**** Dataset content
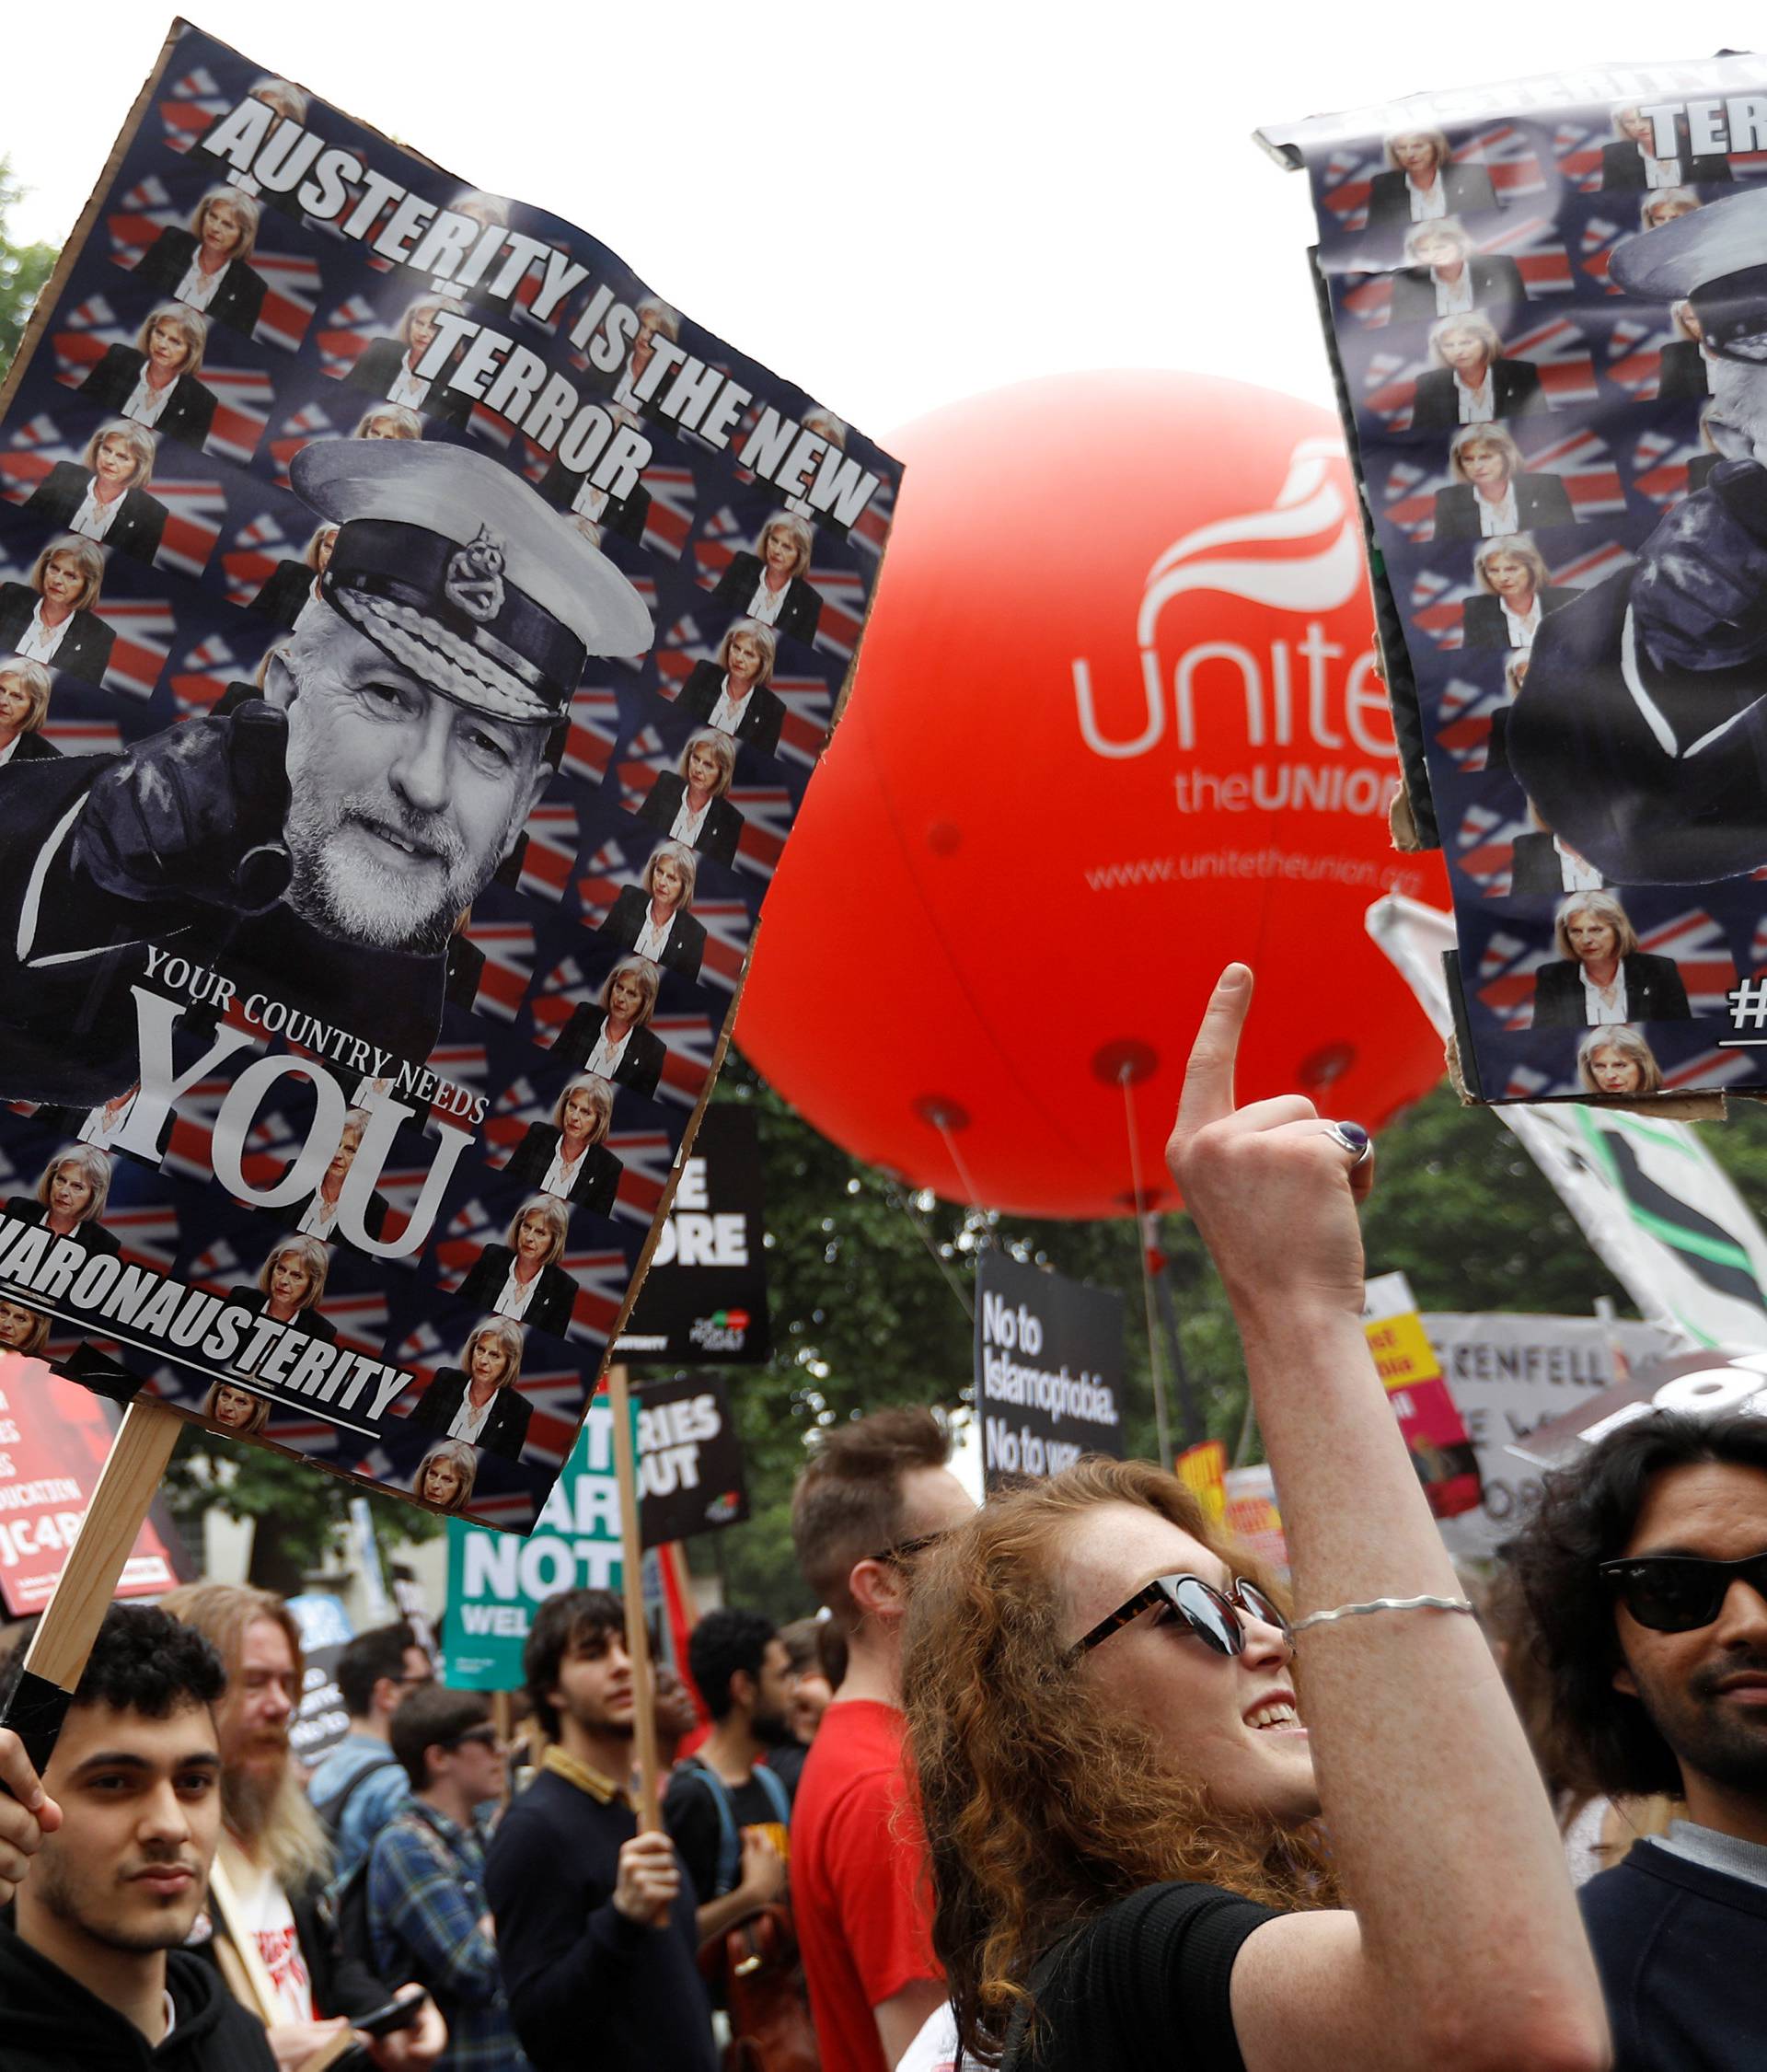 Demonstrators walk towards Parliament Square during an anti-austerity rally and march organised by campaigners Peoples' Assembly, in central London
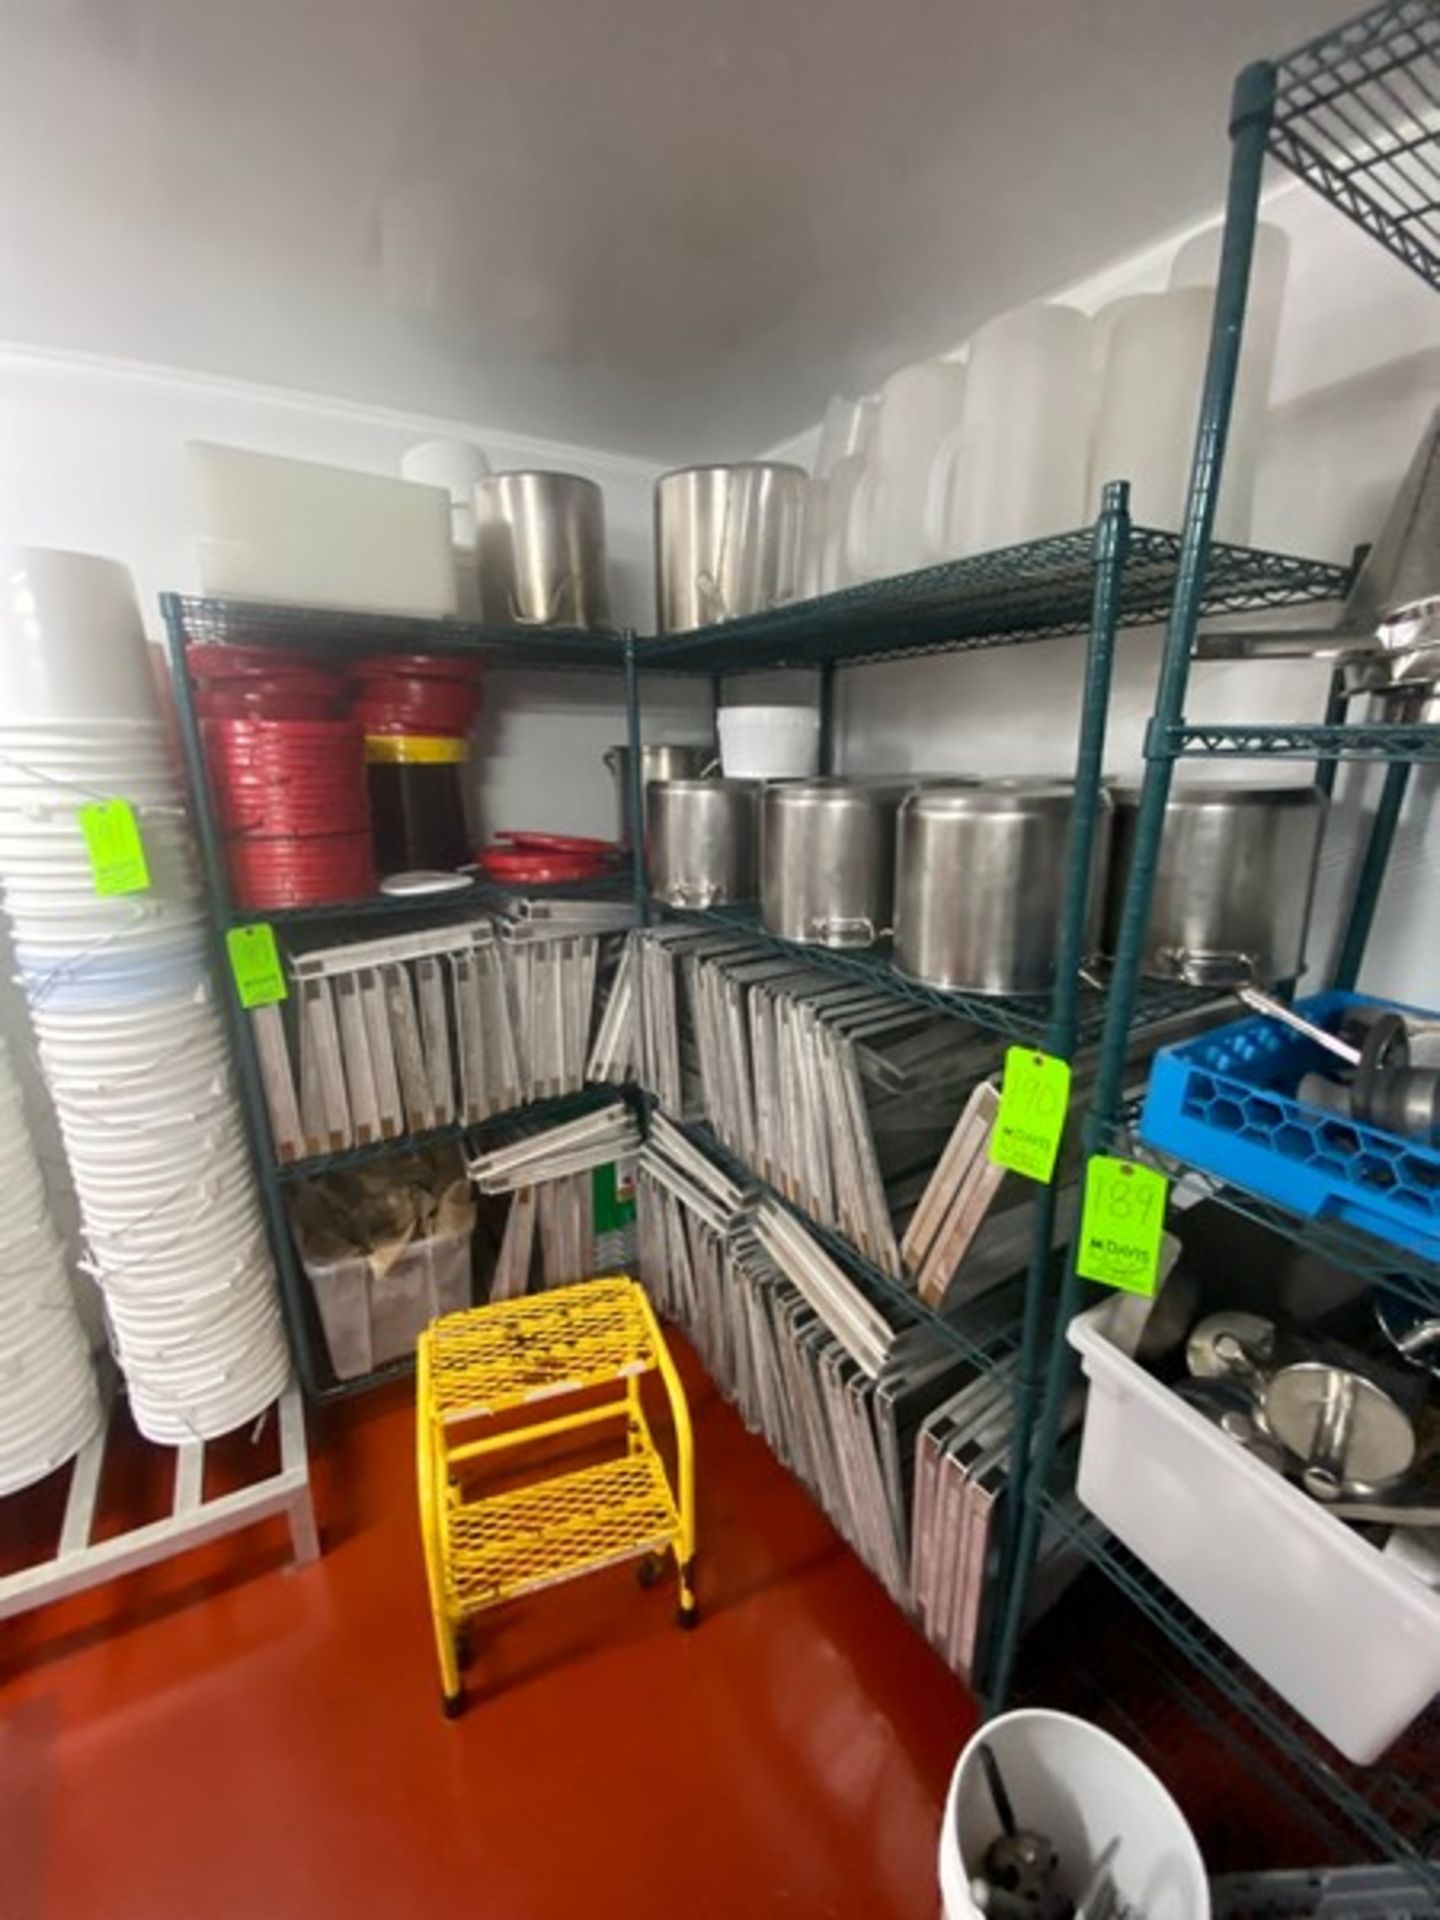 Lot of Assorted S/S Pots, Pans, Plastic Pitchers, Plasticware, & Other Present Contents (LOCATED
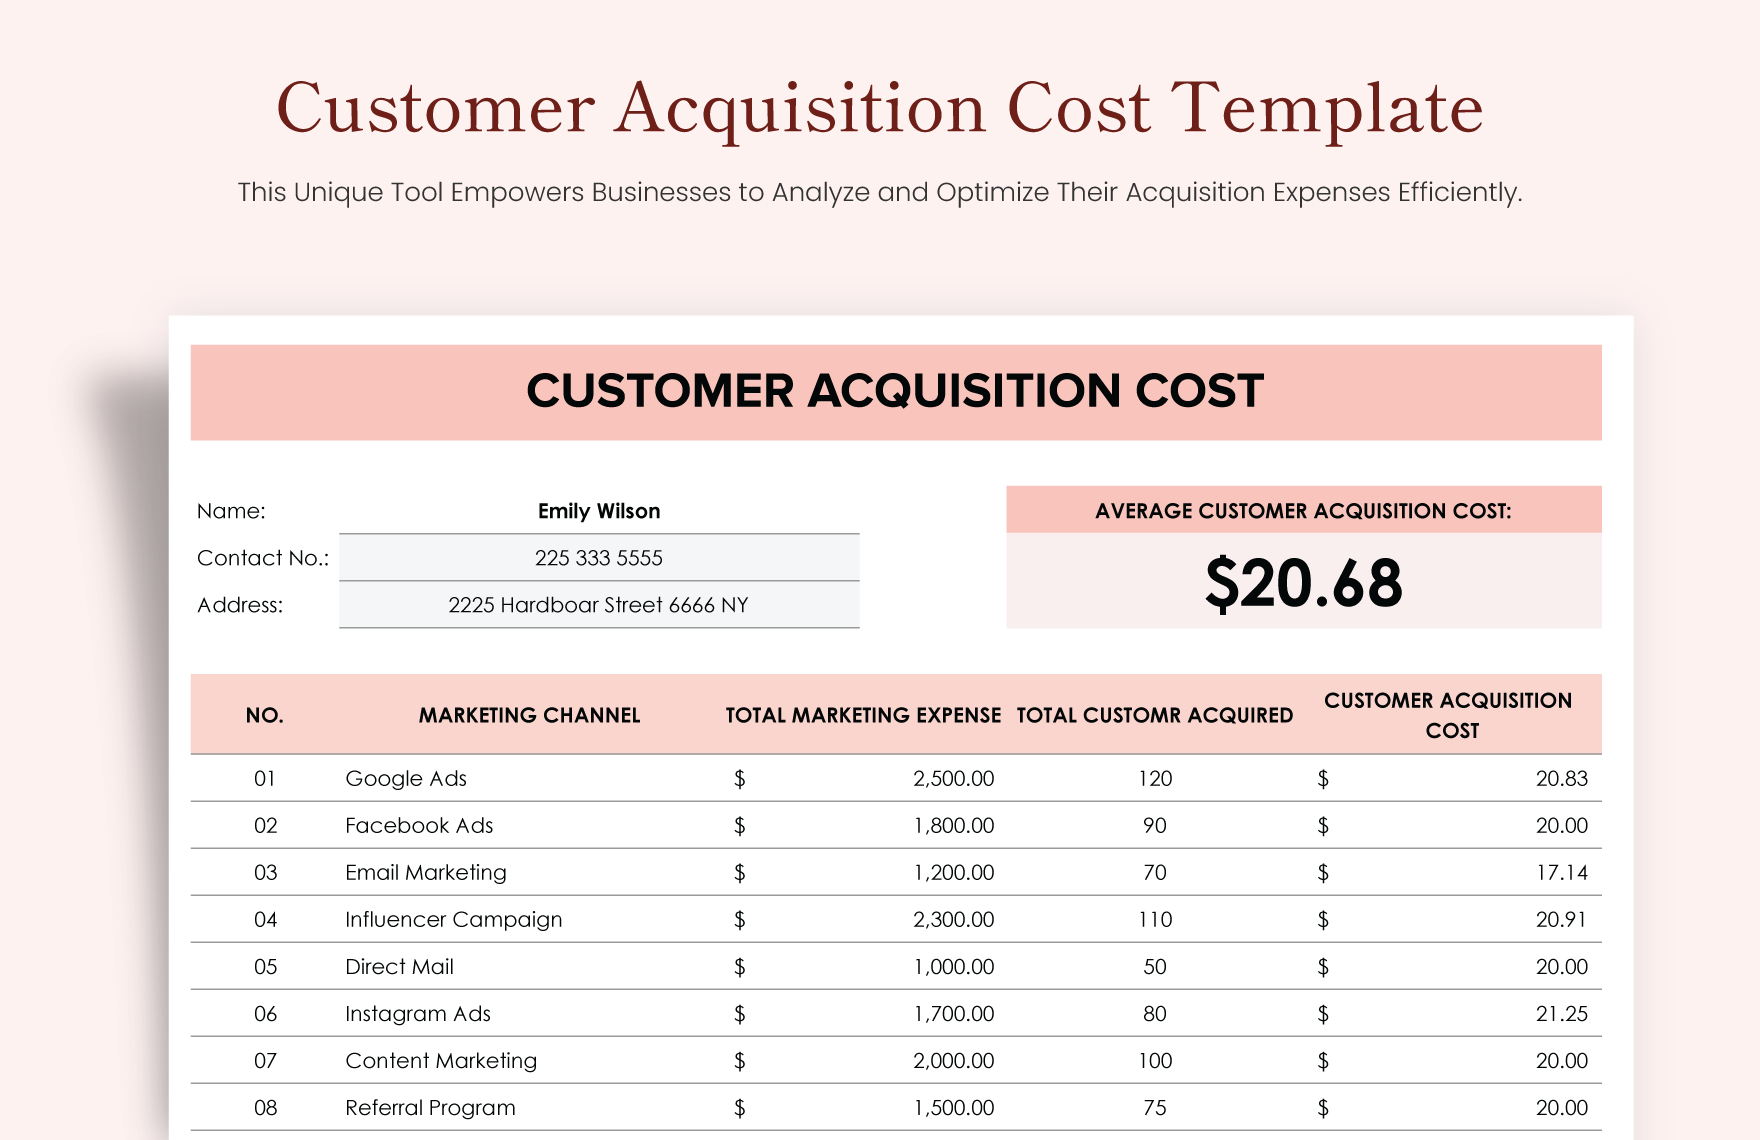 Customer Acquisition Cost Template
********
Task >> The lines running from the one with "Lot of Assorted" to the close of the material above are to be retyped exactly; no picture is to be included.

Completed exercise >>
 Lot of Assorted S/S Pots, Pans, Plastic Pitchers, Plasticware, & Other Present Contents (LOCATED
 Customer Acquisition Cost Template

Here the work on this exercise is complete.